I find his novels tedious. A minority opinion, I know, but...


----------



## Aducknamedjoe (Apr 25, 2013)

Oooh!  The Postman by David Brin, not at all like the movie.

Also, The Foundation Trilogy by Isaac Asimov does post apocalyptic on a galactic scale, which is a cool angle.


----------



## Skye Ronan (Oct 31, 2013)

_Breakers_ by Ed Robertson is pretty good. _Yesterday's Gone_ is also pretty entertaining. I tried to watch the movie adaptation of _The Road_. I had to turn it off. Disturbing.


----------



## Sam Kates (Aug 28, 2012)

CraigInTwinCities said:


> *sigh*
> 
> Can anyone start a "recommend any books?" thread anymore without someone bringing up Cormac McCarthy?
> 
> I find his novels tedious. A minority opinion, I know, but...


I for one would find it impossible to talk about good apocalytpic books without mentioning _The Road_. Bleak, harrowing, pessimisitc, yes, but I found it utterly compelling. And I thought I was in the minority. 

Another one that left a lasting impression on me: _Riddley Walker_ by Russell Hoban.

ETA: typo


----------



## Paul K (Jan 11, 2014)

My favourite would be "Chasm City" by Alastair Reynolds. Perhaps not truly post-apocalyptic, but the city most of it takes place in definitely qualifies. I absolutely love the world building in this book. 

Actually, I would also recommend "Terminal World" by the same author.


----------



## Edward W. Robertson (May 18, 2010)

Heh, thanks Skye. 

I liked _A Canticle for Leibowitz_ a heck of a lot. I'm currently reading Nick Coles' _The Old Man and the Wasteland_ and it's quite a book; was originally self-published, but later got picked up by HarperCollins, and it's easy to see why. I liked Chris Randolph's _Stars Rain Down_, too. More future/space opera, but there's definitely a big ol' apocalypse in it.


----------



## phildukephd (Jan 6, 2013)

The post-apocalyptic concept can make interesting reading, but most of the scenarios are either very unlikely or impossible. It IS fiction. As for zombies, you are either alive or dead, and the dead stay dead. A DEADLY contagious virus might leave a few people alive, but they would soon descend into savagery, and die out. With a thermonuclear war everyone left would die from the radiation. Or starvation.
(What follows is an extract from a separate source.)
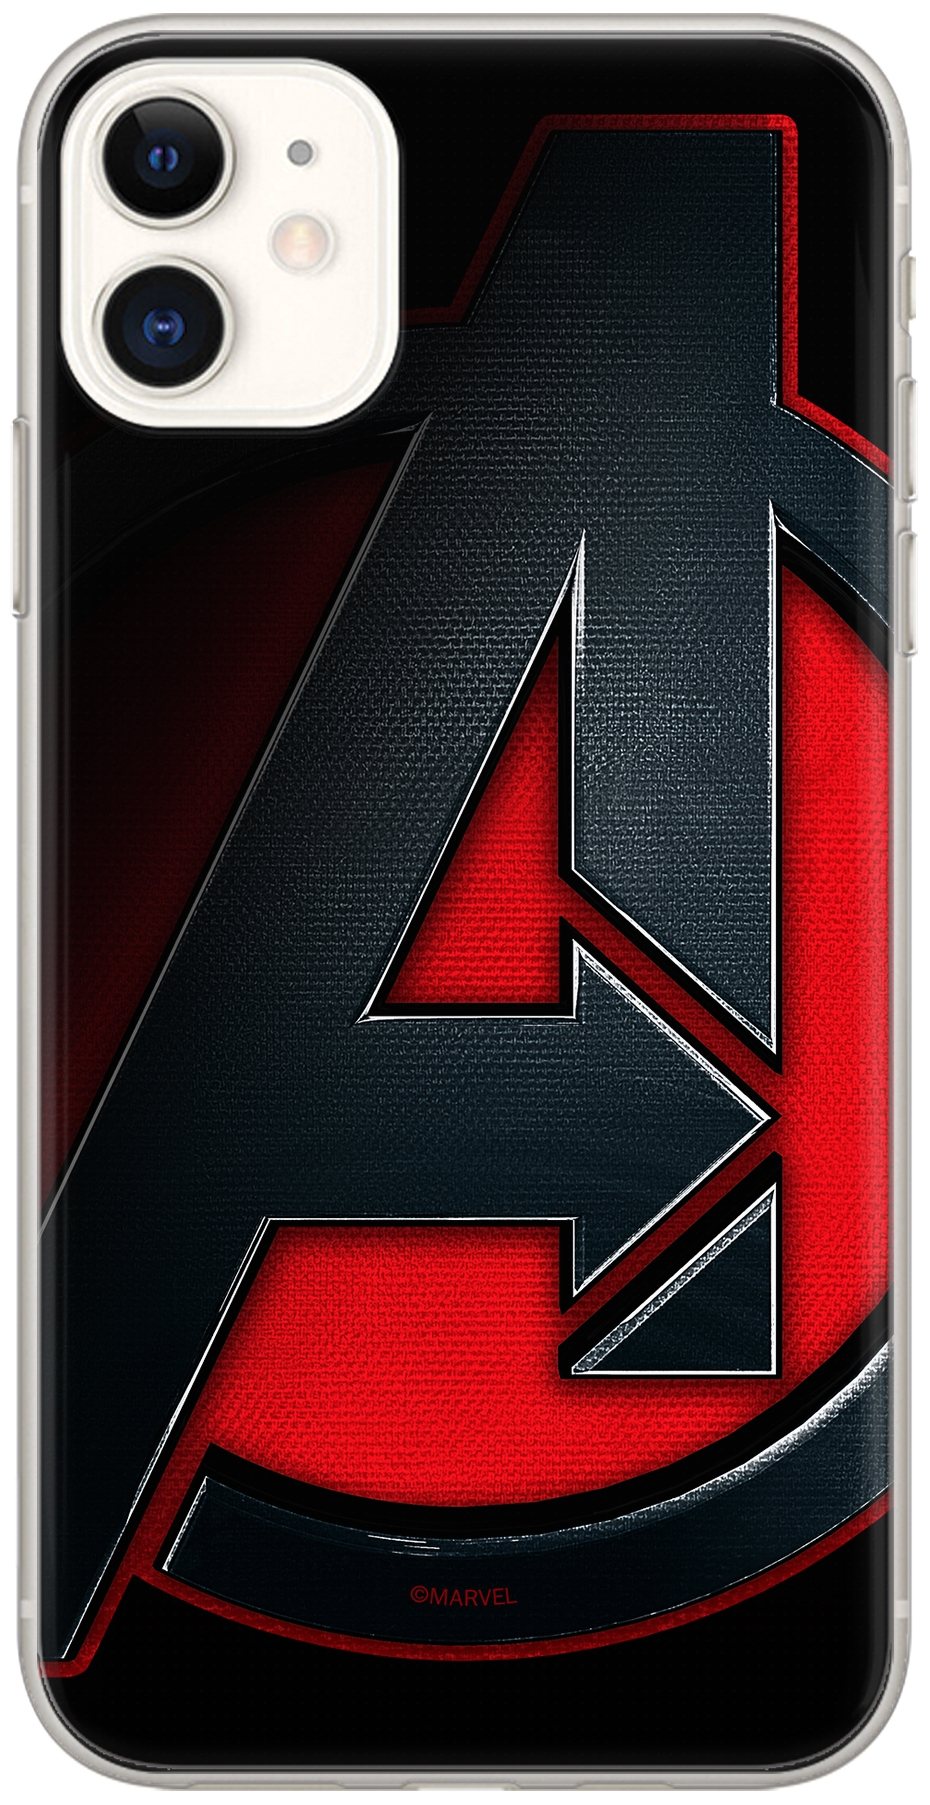 Lizenzhülle Handyhülle für Samsung A50/A50s/A30s Hülle mit Motiv Avengers 019

This and other aspects of the hydrogen bomb and its mass detonations are presented in "Folly Of the Hydrogen Bomb."

IMO the popularity of zombies lies in the fact that it's OK to kill them various grisly ways, because they are so nasty, and not "really" alive. The vicarious pleasures of killing (them) carry the concept, and are the basis of its popularity. People who would never allow themselves the pleasure of imagining they are killing people, vicariously enjoy killing zombies.

But then, almost all entertainment is based on forbidden pleasures, is it not?


----------



## AngryGames (Jul 28, 2013)

The Road is very, very awesome. And bleak. And depressing. And fantastic. I love McCarthy. Most of the time, anyway.

The Day After is the quintessential Cold War MAD scare piece that we 80's kids grew up on.

And then there's possibly the most depressing movie ever made about post-apocalyptic scenarios:


----------



## Cherise (May 13, 2012)

Elle Casey's Apocalypsis 

I could only read book one because it got too gruesome toward the end and it seemed the next book would be even more so, but book one was riveting.


----------



## MatthewAlanThyer (Jan 13, 2014)

There is a lot of very good stuff out there written during an oft forgotten heyday, early post-apocalypse fiction let's call it (because it's not sci-fi even when it occurs "in the future"), that I believe anyone who is interested in writing should familiarize themselves with prior to reading the latest batch of specfic that focuses on what happens after everything stops.

Start with these classics:

"A Canticle for Leibowitz", Walter M. Miller
"Mister Touch", Malcome Bosse
"Lucifer's Hammer", Larry Niven and Jerry Pournelle 

There are more, but those are all master works in my opinion.


----------



## unkownwriter (Jun 22, 2011)

Some of my favorites:

The Handmaid’s Tale, Margaret Atwood (more distopian, but another favorite)
The Postman, David Brin (another favorite re-read, and I liked the movie. Sue me.  )
Once Second After, William Forschen (spelling?) (this is a hard book to read, because of how bad things get for people)
The Swan, Robert McCammon
The Stand, Stephen King (have read both the edited and longer versions, more than once)
Lucifer’s Hammer, Larry Niven (re-read at least twice. Hm. There's a pattern here.)
Alas, Babylon!, Pat Frank (my absolute favorite, I've read it over and over)
On the Beach, Neville Shute (and I love the movie with Gregory Peck. Swoon.)
The Gate to Women's Country, Sheri S. Tepper (another favorite)
2250 A.D. (AKA Starman's Son), Andre Norton (yep, you guessed it, read it several times)

I'm another that doesn't care for The Road. It was too confusing, and honestly too vague for me to enjoy.


----------



## David Peterson (Feb 8, 2014)

How about The Day of the Triffids? A classic where most of the world is suddenly struck blind in a world with giant, genetically engineered, carnivorous plants. Not as ridiculous as it sounds.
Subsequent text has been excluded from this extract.